I agree that Hydrazoan's explanation of the behaviour of copper is very accurate except that I think you are assuming metallic copper deters fouling organisms as a consequence of copper ions in the water adjacent to the surface being protected. This is how conventional (painted on) antifoulings work where cuprous oxide is combined with a cocktail of organic biocides applied as part of a resin layer. In these materials the biocide cocktail is designed to leach out of the resin matrix and make the boundary surface layer of water poisonous to fouling organisms. Antifouling makers try to make the cocktail effective against as many fouling types as possible, in other words the more you pay the wider the spectrum it will be effective against.
Metallic copper leaches out of the surface very slowly indeed and losses of metal are more due to mechanical erosion than leaching.
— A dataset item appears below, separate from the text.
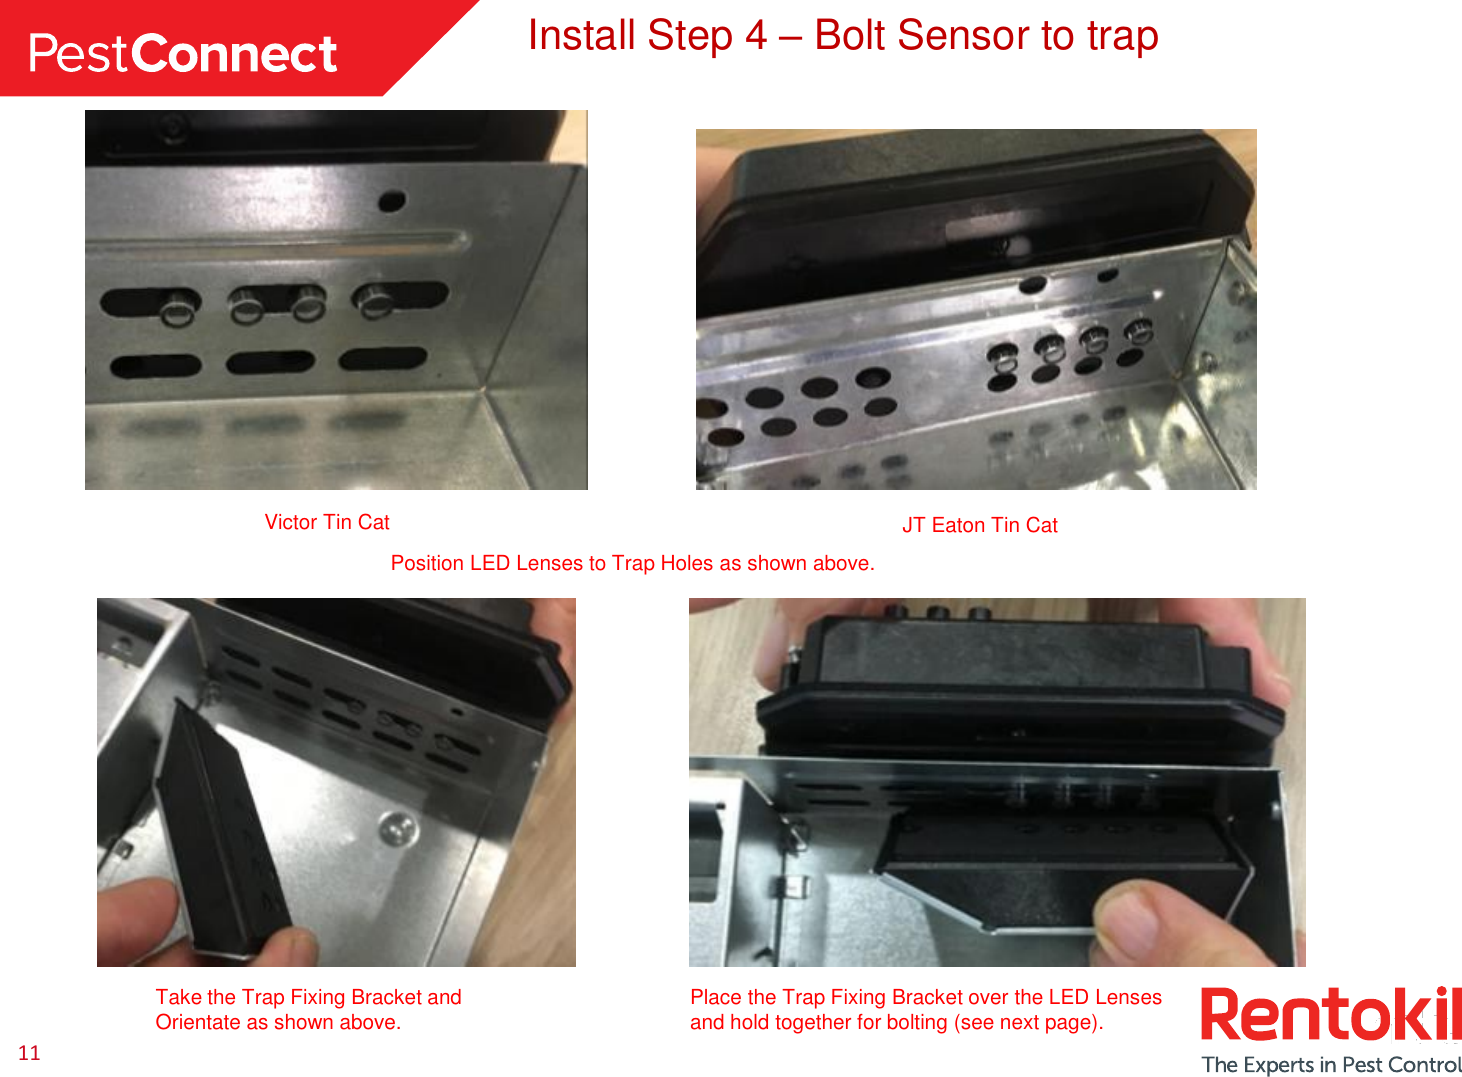 11 Install Step 4 – Bolt Sensor to trap Position LED Lenses to Trap Holes as shown above. Take the Trap Fixing Bracket and Orientate as shown above.  Place the Trap Fixing Bracket over the LED Lenses and hold together for bolting (see next page). JT Eaton Tin Cat Victor Tin Cat

In this respect pure copper leaches more quickly and erratically than from a copper nickel alloy where erosion is slower and very predictable. Metallic copper works by a contact mechanism and not by releasing biocide into the water meaning its effect is only where there is actual metal in contact with the water. Even small gaps in the metal will allow fouling organisms to grow healthily. Barnacle larvae immediately start laying down their inert adhesive when they settle on a surface so if they can get even a very small spot down they can exist quite happily on that as they grow to maturity.
We have a Cuprotect installation on equipment in a gas field about 150km off the Canadian coast. The Canadian Government were very nervous about high concentrations of metallic copper in the sea and insisted the owners install sensitive monitoring equipment to measure copper ion concentrations 1 metre up current and 1 metre down current from 5 sites. In nearly 3 years they have not been able to detect any difference in copper concentrations between the fresh water flowing in a steady current, and the water after it has passed over the Cuprotect coating.

 

[Kelpie]

An aluminium hull flame (arc) sprayed with copper as is done with some galvinising processes might make an interesting test bed. Not a diy process though, and would rquire a 'certain amount' of funding..

All agog to see how you get on.

yrs.
D.

Sounds a good way to make a battery...

 

[Hydrozoan]

I agree that Hydrazoan's explanation of the behaviour of copper is very accurate except that I think you are assuming metallic copper deters fouling organisms as a consequence of copper ions in the water adjacent to the surface being protected. ...

Thanks, Pasarell, for your response and the additional information.

I wasn’t assuming that cupric ions in adjacent solution were necessarily deterring settlement – which is why I asked the question about barnacle settlement in my PS, to which you have given a response. I understand that the biochemical interaction of the patina with an organism settled (even briefly) on it will be complex, and different from that of an organism in the water in its immediate vicinity.

I pointed out that water composition can affect (a) the nature of the copper ‘patina’ and (b) the predicted free cupric ion level in equilibrium with it, to amplify your point that the antifouling effect can be impaired by pollution and mud. (In referring to the free ion concentration I am not seeking to make a point about the overall rate of copper loss from the surface, but rather referring to it as a general indicator of the potential bioavailability of the copper in the patina - to organisms near it or on it.)

You specifically mentioned physical ‘blocking’ of the surface by pollution and mud, and I wanted to explain that there are potentially strong chemical factors at work, too. Whether physical or chemical effects matter most I do not know. My guess is that either (or both) may be important in different circumstances, but perhaps your experience points to a greater importance of physical ‘blocking’?